Europe is home to more than 9,000 fintechs. It has produced global champions such as Wise, Klarna, and Adyen in payments, Revolut and Monzo in banking, and Mambu in B2B software. Across the Atlantic, the United States plays host to more than 13,000 fintechs, with leaders like Stripe, PayPal, and Chime. Both continents coexist and compete to produce the most influential companies in financial technology, though the paths taken and outcomes achieved often vary widely.

European fintechs raised €3.6 billion in the first half of 2025, 23% higher than in the same period in 2024, with funding on track to reach €7.6 billion for the year. In 2021, this total reached almost €16 billion. But 2021 was an anomaly, a sugar-high: a liquidity-driven bubble when venture investment hit record highs. We don’t expect to see those levels for another five to seven years, nor should we seek to recreate that.
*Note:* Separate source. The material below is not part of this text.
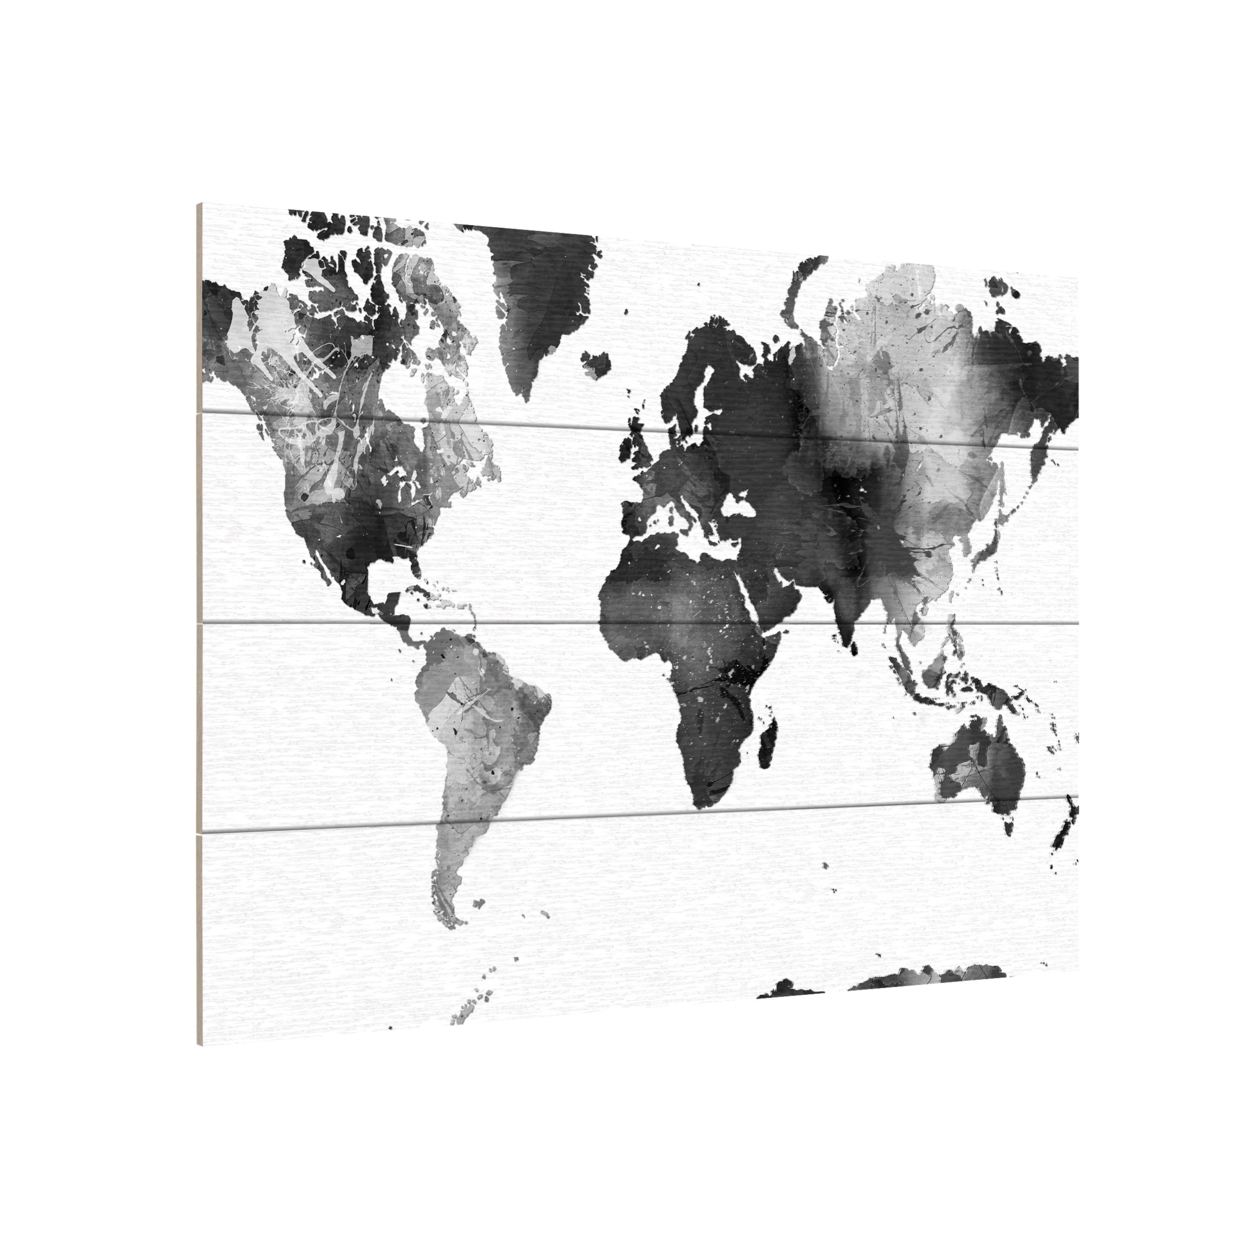 Wall Art 12 X 16 Inches Titled World Map BG-1 Ready To Hang Printed On Wooden Planks

What matters now is building stamina, not chasing another rush. European fintech funding is on a steady path, tracking at 2019 levels.

The challenge for European markets isn’t chasing bubbles but building durable ecosystems where capital formation is balanced and sustainable. European scale-ups have long scaled under tighter capital constraints than their American counterparts. The result is companies built on sturdier foundations, less vulnerable to the ups and downs of funding markets. But also, a persistent excess demand for capital and, in turn, more reasonably priced assets in the small-to-mid-market.